TST-53: Resilience and degraded-mode behavior tests#820
Conversation
Tests that LlmQueueToProposalWorker and ProposalHousekeepingWorker handle database failures, exceptions in the main loop, cancellation, and disabled processing without crashing or losing heartbeats.
…lability Tests that provider timeouts, exceptions, and total unavailability produce degraded responses or error contracts rather than infinite waits or crashes.
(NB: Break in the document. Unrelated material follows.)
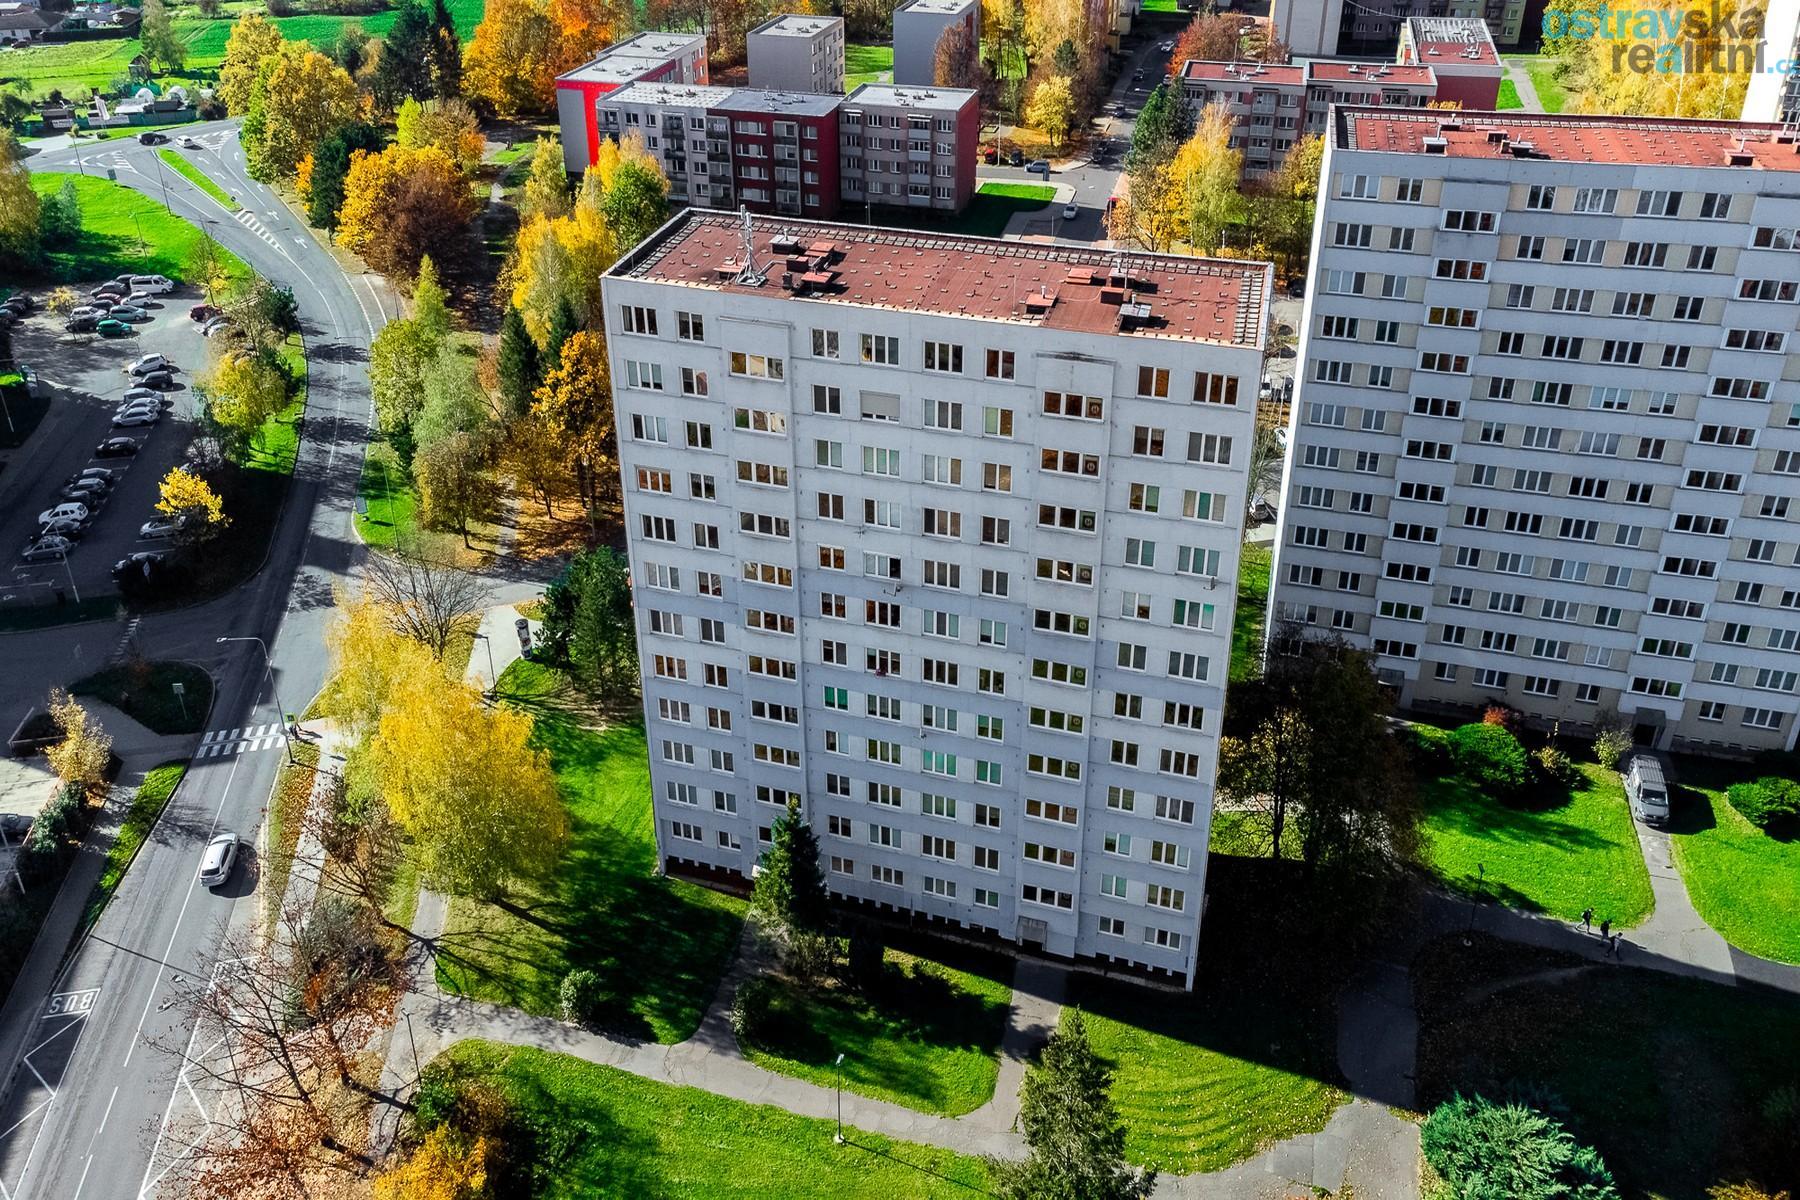 Prodej, byt 1+1 s nádherným výhledem, Ostrava - Poruba, ul. Otakara Jeremiáše, 28 m2

Verifies non-LLM features (board CRUD, capture) still work when all providers are down.
…nflicts Tests that health endpoints report database status accurately, non-existent resources return 404 error contracts instead of 500, concurrent writes handle conflicts gracefully, and invalid data returns validation errors.
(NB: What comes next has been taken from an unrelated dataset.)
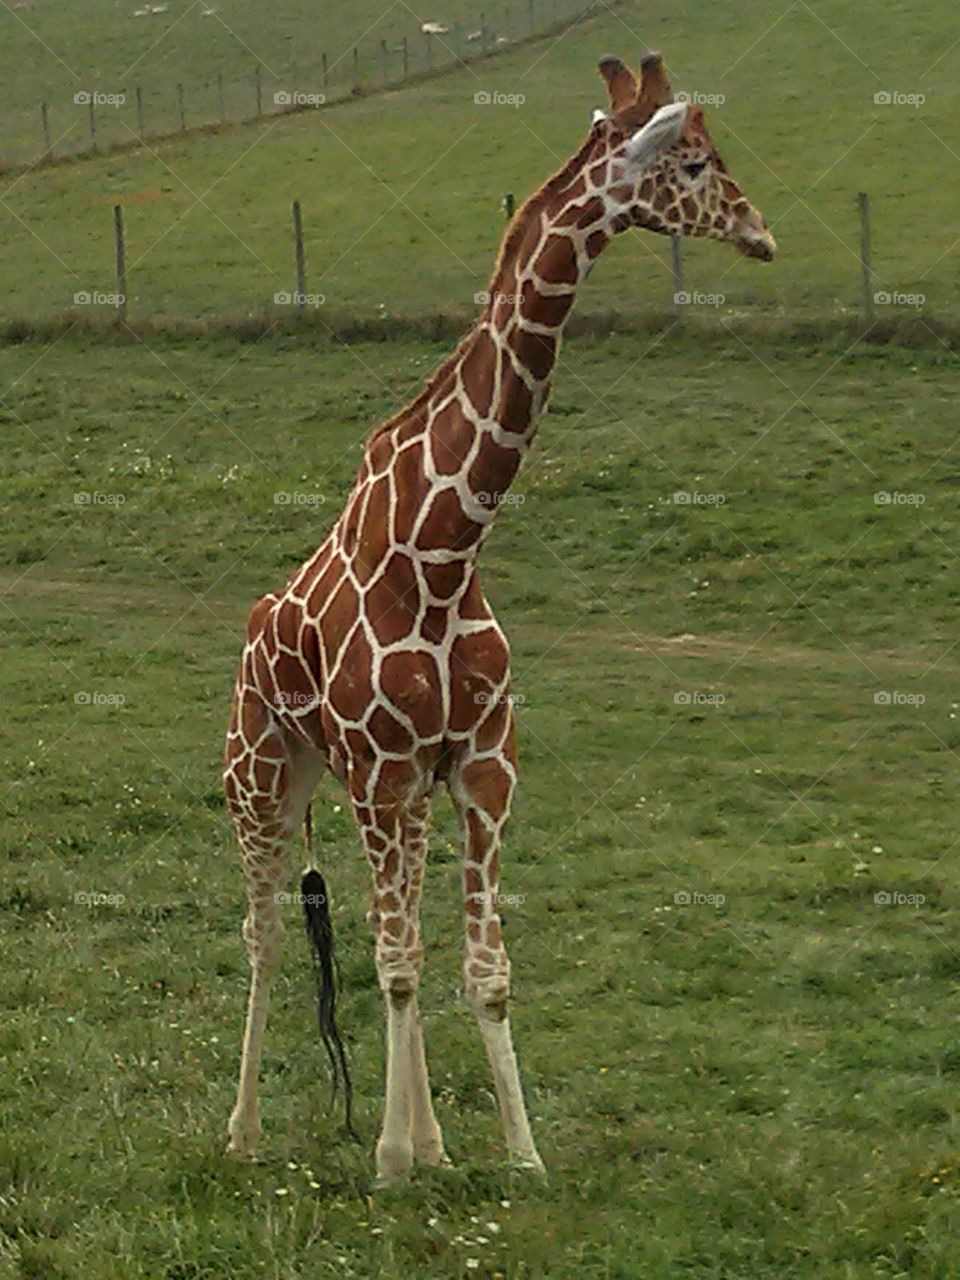 Giraffe at The Wilds. Giraffe standing

Tests that HubException on one client does not disconnect other clients, that invalid operations (joining non-existent boards, editing without joining) produce HubException without killing the connection, and that disconnected clients are properly removed from presence tracking.
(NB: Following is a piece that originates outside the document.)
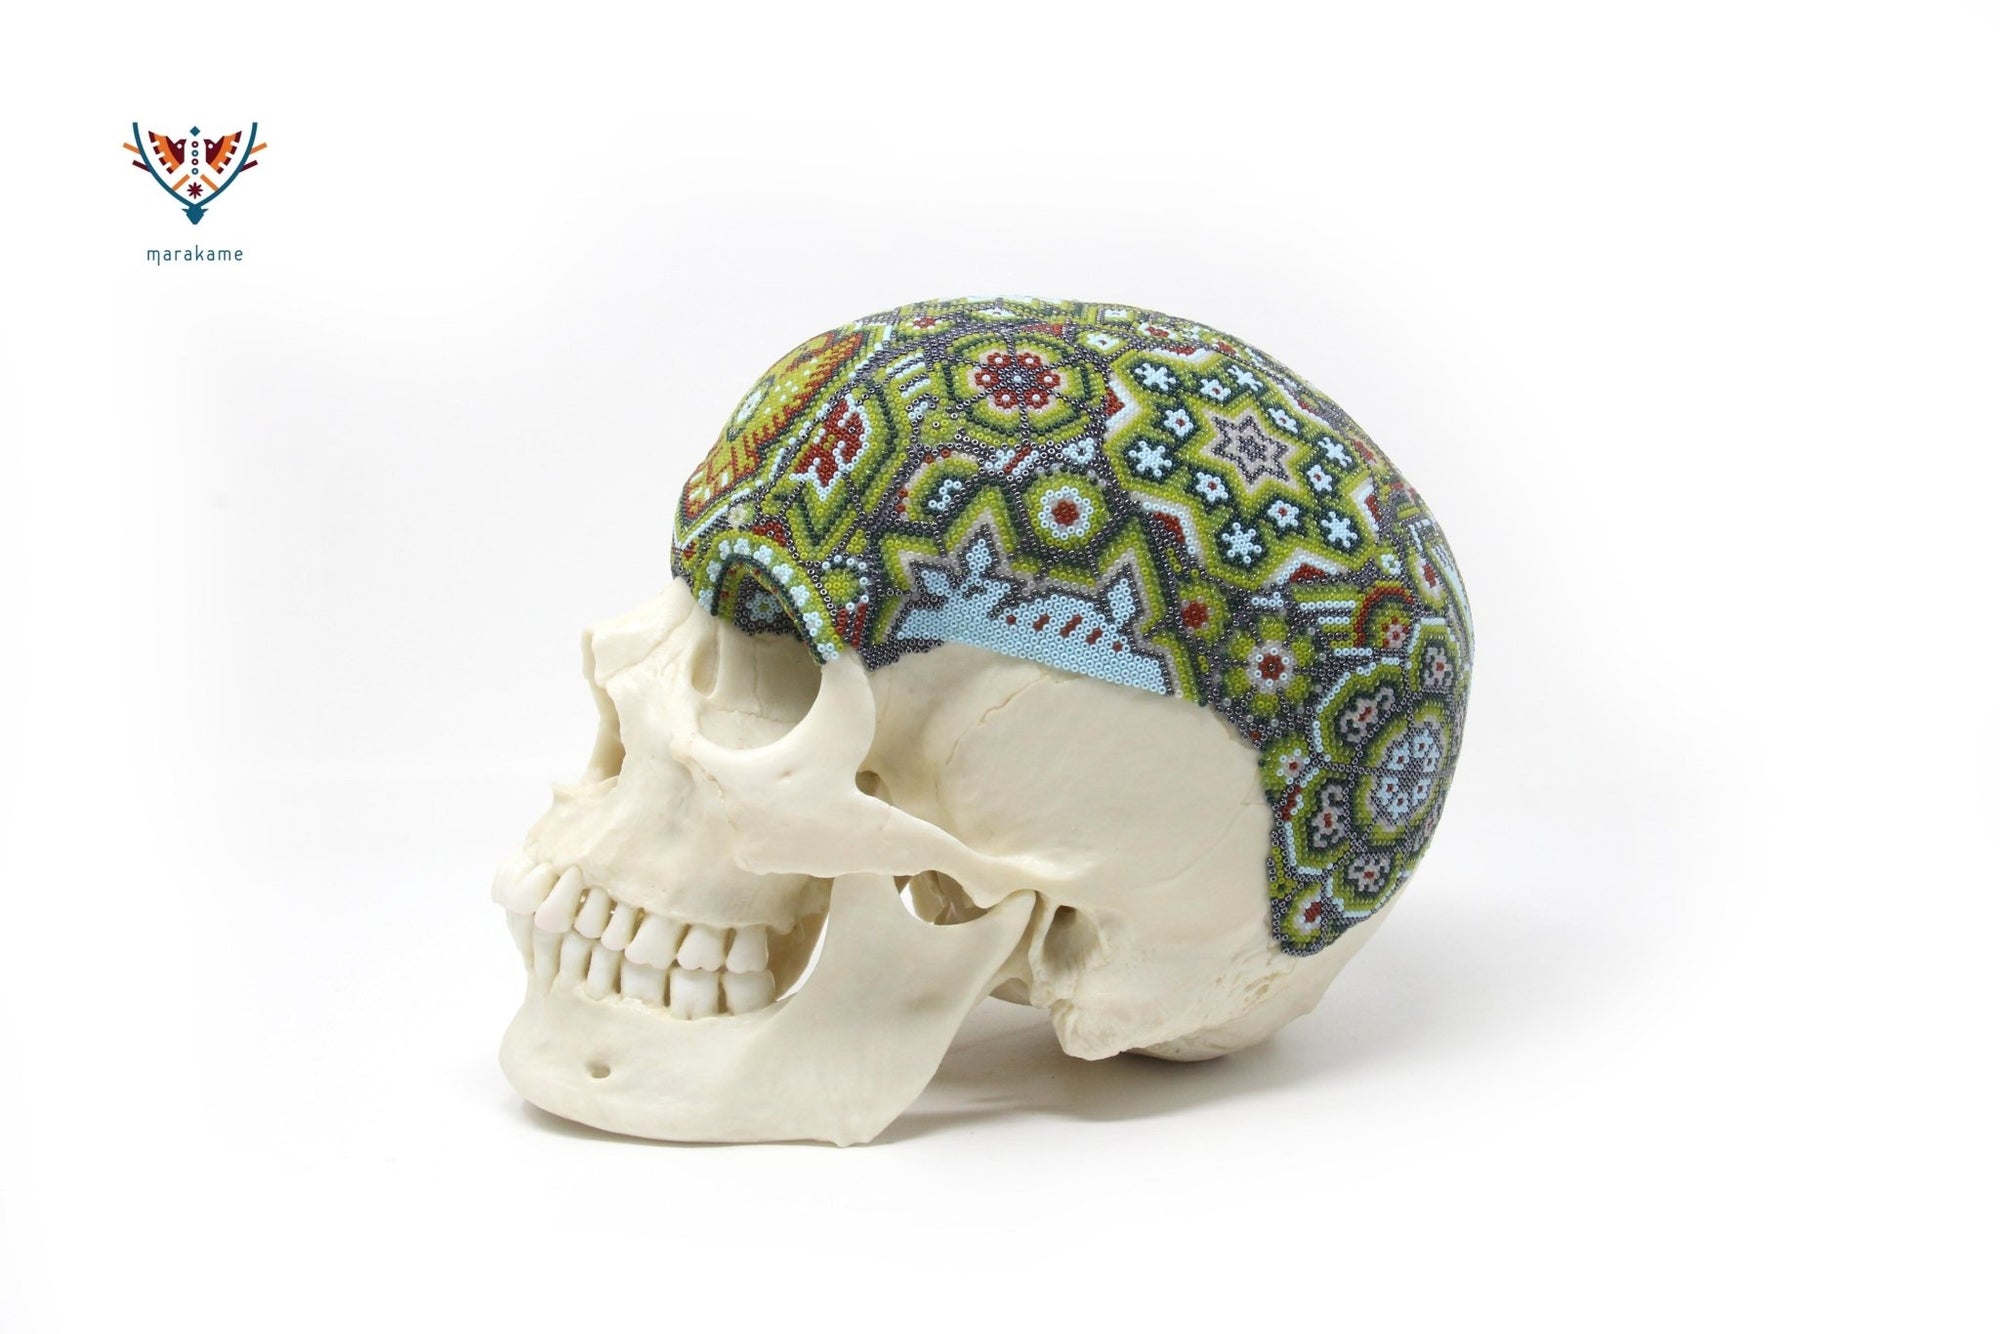 Crâne humain hyperréaliste "Hauxamanaka" - Art Huichol - Marakame

…overy Tests that webhook delivery failures trigger retry scheduling with backoff, exceed max retries leading to dead-lettering, handle inactive subscriptions by dead-lettering, and recover stuck processing deliveries back to Pending status.
Tests that local authentication works regardless of external OAuth state, GitHub OAuth endpoints return proper 404 when not configured, and unauthenticated requests return 401 error contracts.
ExternalServiceFailureTests used fixed usernames for registration and login which could collide across test runs sharing the same database via IClassFixture. Add GUID suffixes to ensure uniqueness.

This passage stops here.